Fachleute aus der Deckung

Massgebliche Leute hinter der Front wagen sich nun aus der Deckung. So Lino Guzzella von der ETH Zürich oder Mario Gutmann, Betriebsratsvorsitzender der Robert Bosch GmbH in Bamberg (D). Auch Stefan Pischinger, CEO des Motoren- und Antriebsentwicklers FEV Aachen (D) mit Standorten in 20 Ländern, warnt vor dem Elektrohype. Unisono haben die ausgewiesenen Fachleute – anders als der Verfasser in ai 2/19 und ai 11/19 – nicht den Klimawandel im Visier, sondern die Art und Weise, wie das CO2-Ziel erreicht werden soll.

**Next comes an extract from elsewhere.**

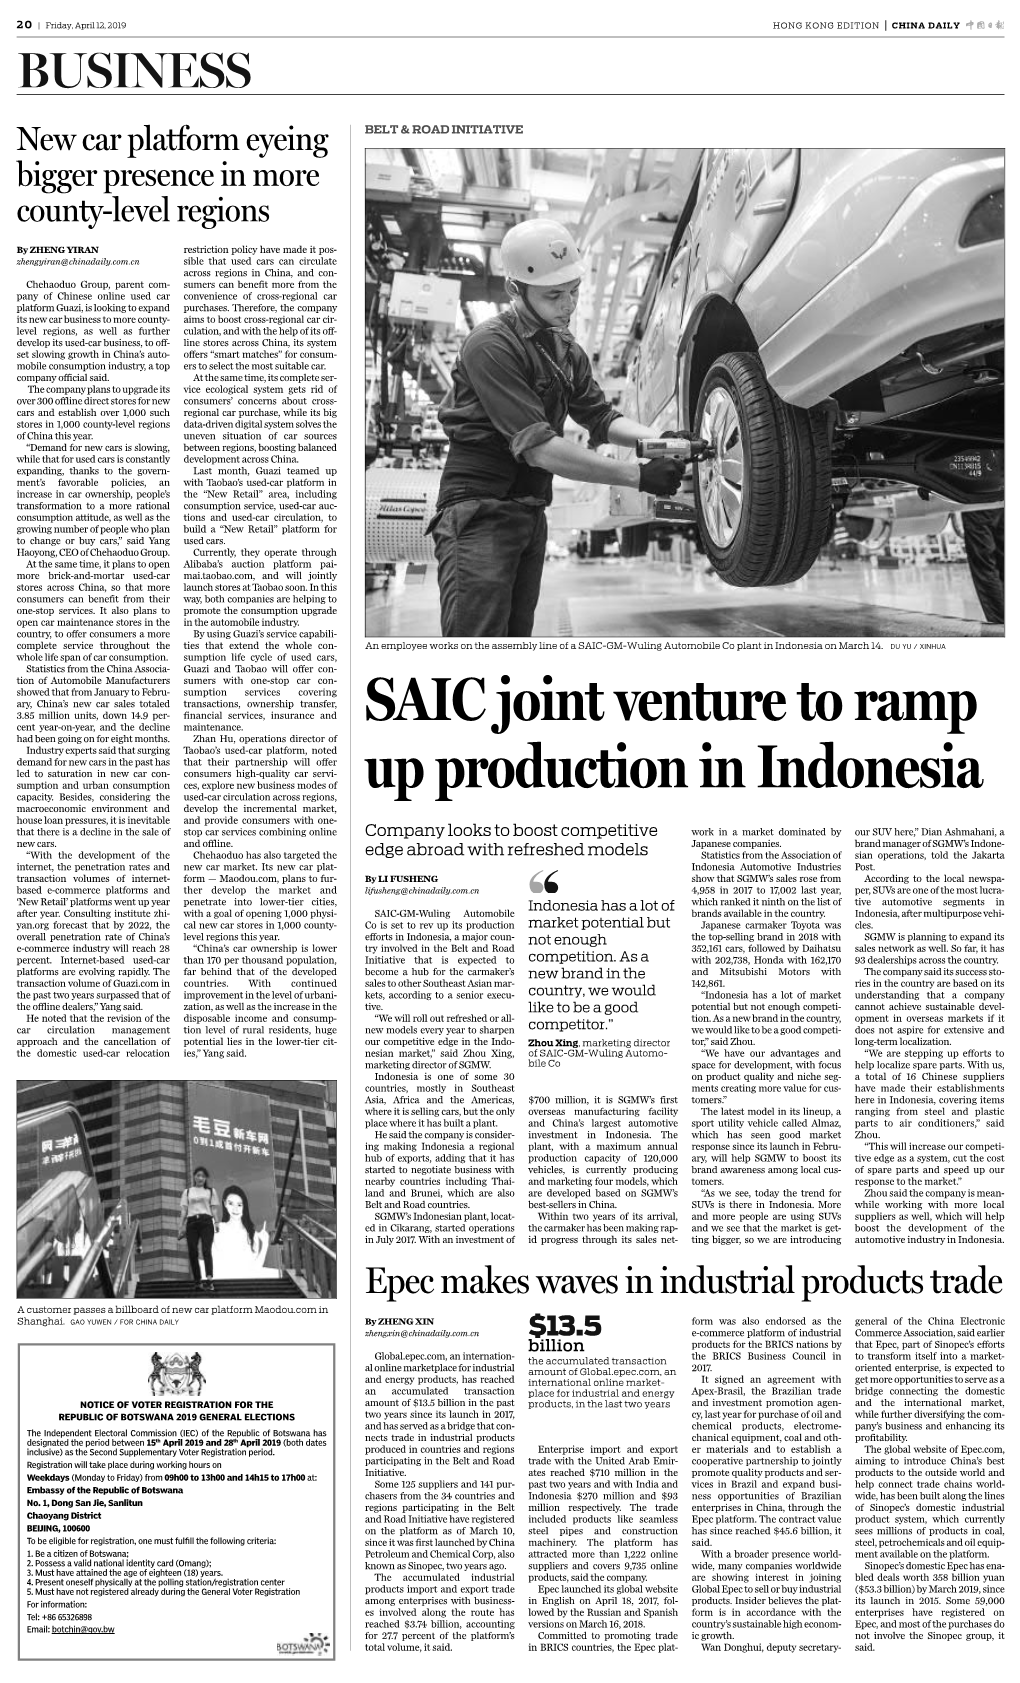 SAIC Joint Venture to Ramp up Production in Indonesia
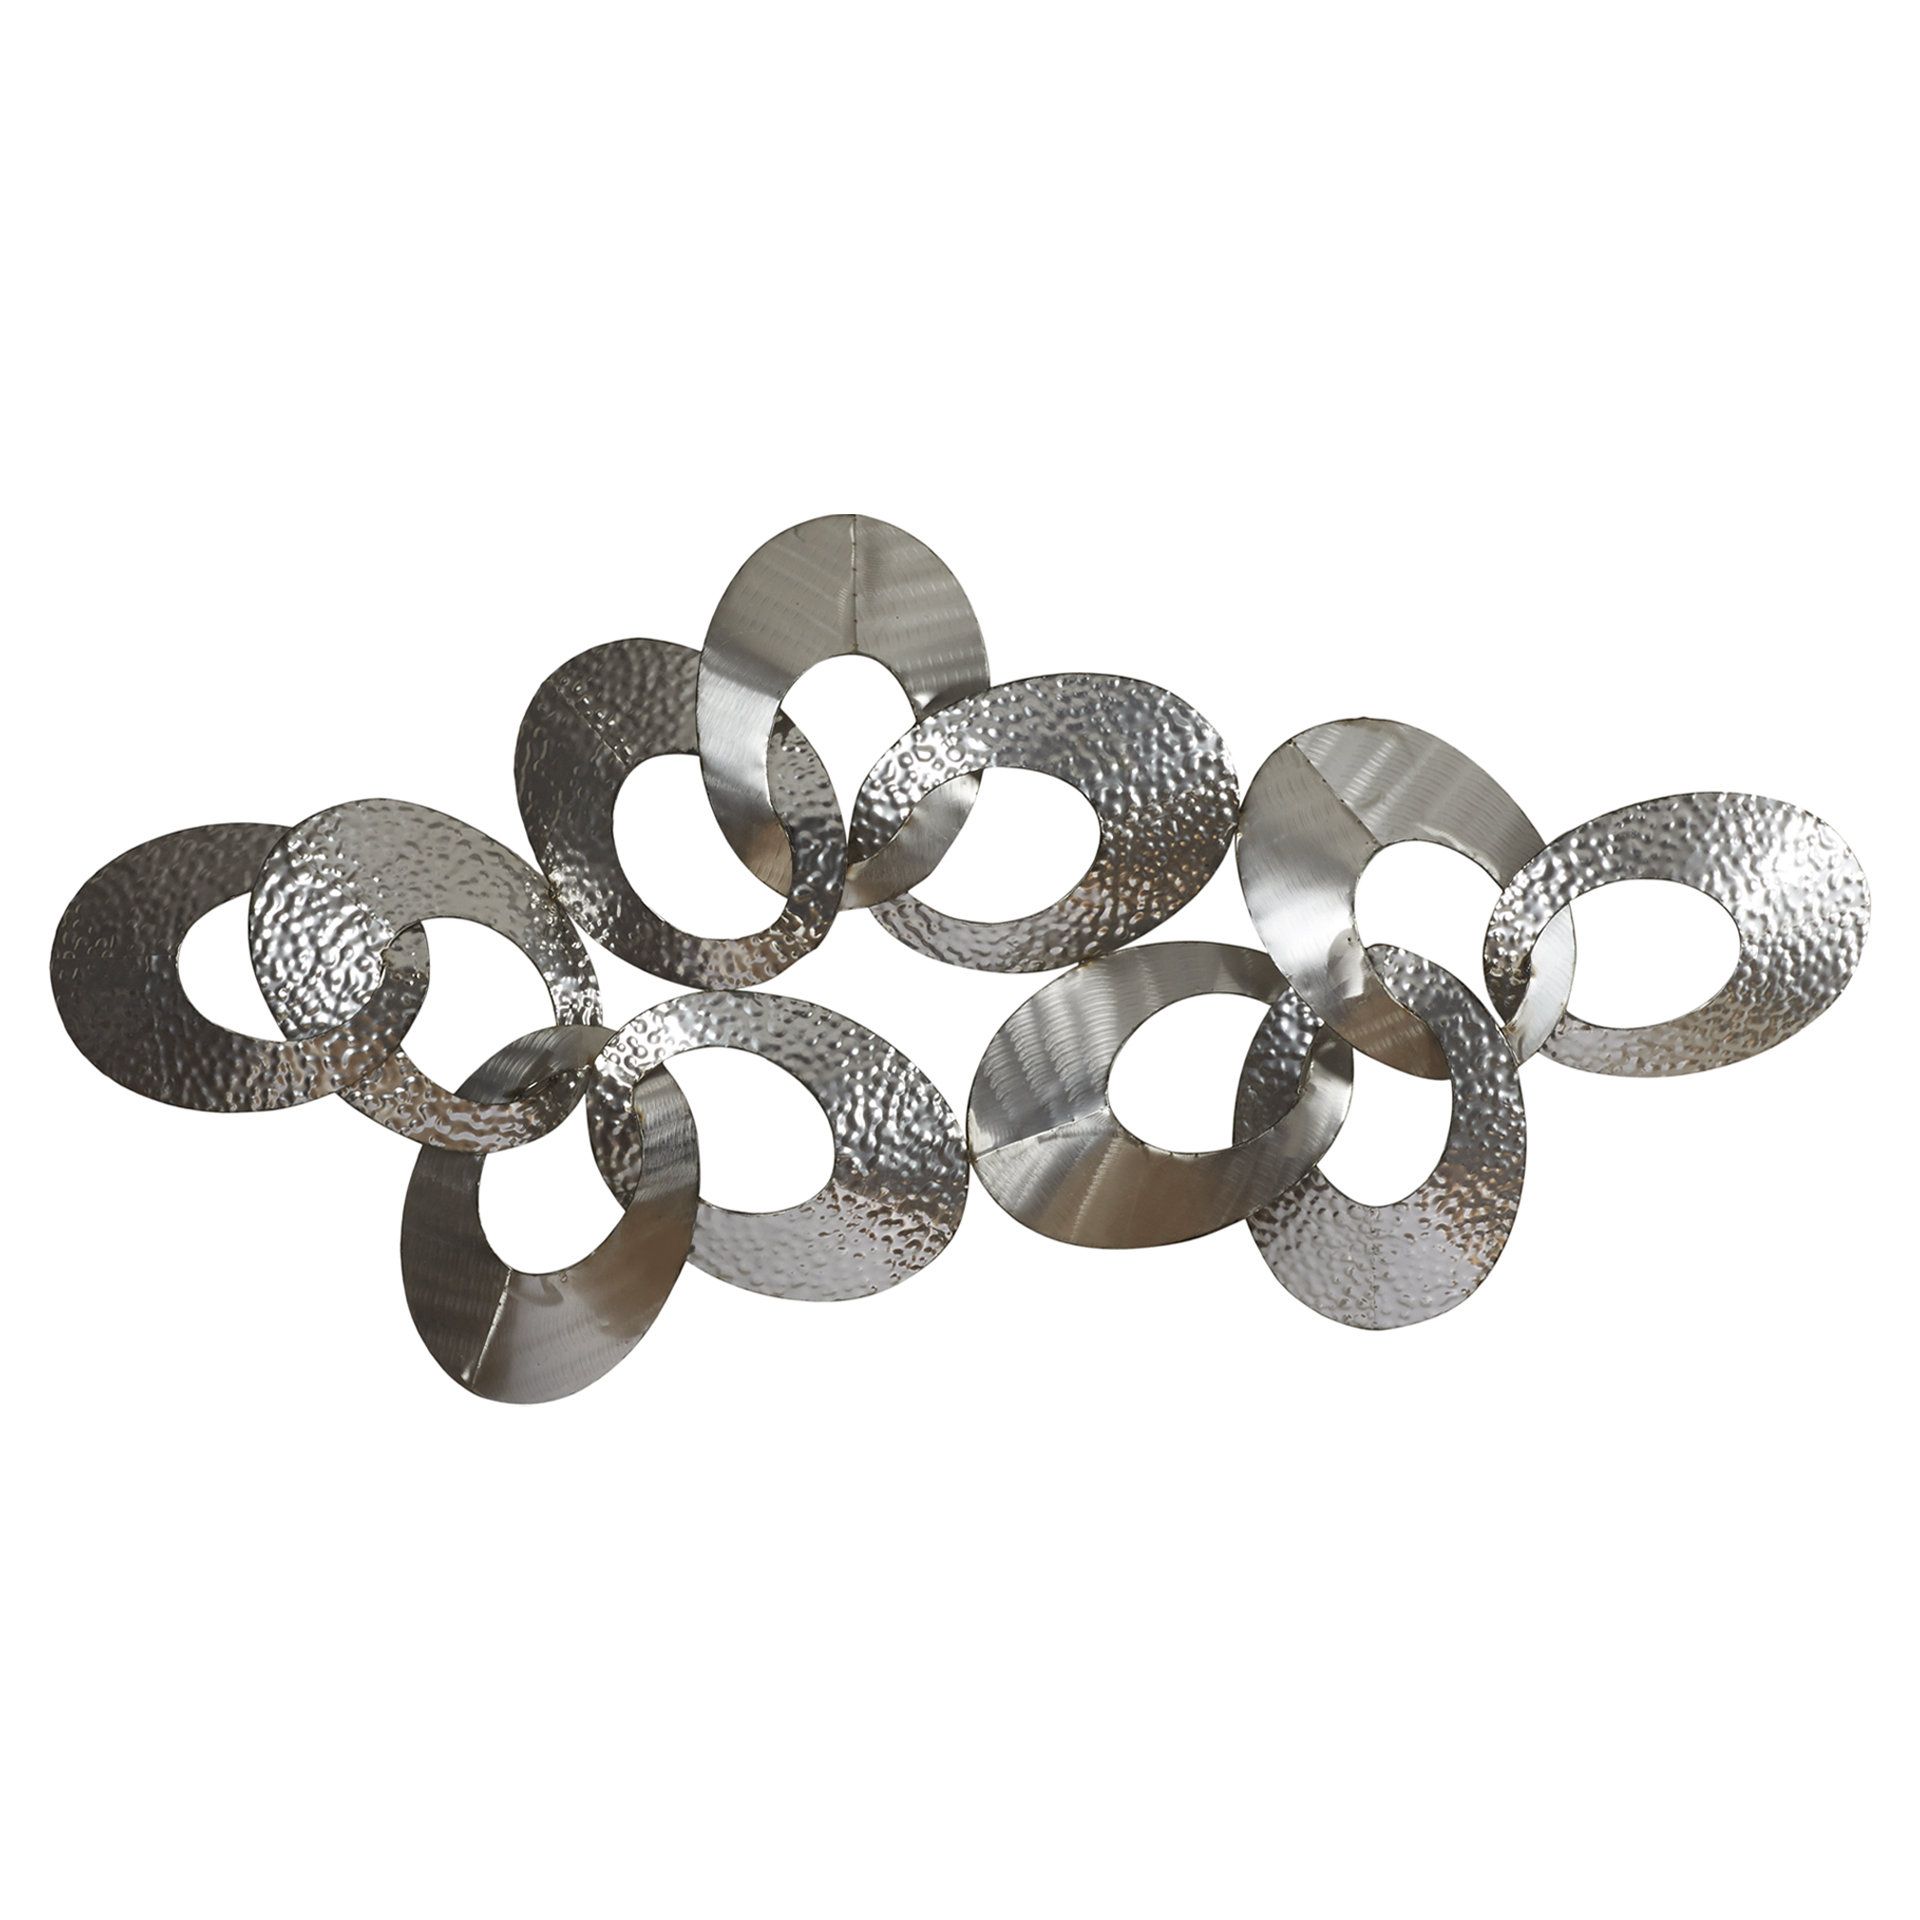 Modern Metal Wall Accents | Allmodern Within 2 Piece Heart Shaped Fan Wall Decor Sets (View 17 of 30)

Mit Strom allein lässt sich die Vorgabe nicht erreichen, es braucht weitere Unterstützer für die individuelle Mobilität, so die Kernaussage von Leuten, die nicht dem Populismus, sondern der Realität verpflichtet sind. Auch weitere Exponenten haben den Gesamtblick im Visier: Versorgung, Kosten, Stand der Entwicklung, Infrastruktur, effektive CO2-Emissionen sowie Arbeitsplätze.

Bundesrat hält sich zurück

Unsere Exekutive hat sich bislang nicht eingemischt, sondern harrt der Dinge, welche kommen sollen. Man ahnt jedoch, wenn es um die alleinige Meinung unserer aktuellen Bundespräsidentin ginge, hätte der Bundesrat längst ins Horn von Angela Merkel, Ursula von der Leyen, Anne Hidalgo (Stadtpräsidentin Paris), Boris Johnson und der norwegischen Exekutive geblasen.

Defizite haben alle, auch unsere Regierung. Vor allem damit, der Bevölkerung zu sagen, wie es mit der Besteuerung der Elektrofahrzeuge via Zapfsäule oder mit den Restwerten von Leasingautos weitergeht. Dies wäre schnellstmöglich angesagt, um den künftigen – und geförderten – Käufern von Elektrofahrzeugen reinen Wein einzuschenken, statt sie im Ungewissen zu lassen. Der Anteil der Stromer wird so oder so steigen. Ergo muss das Strassenverkehrsnetz mittelfristig von den elektrisch Fahrenden mitfinanziert werden.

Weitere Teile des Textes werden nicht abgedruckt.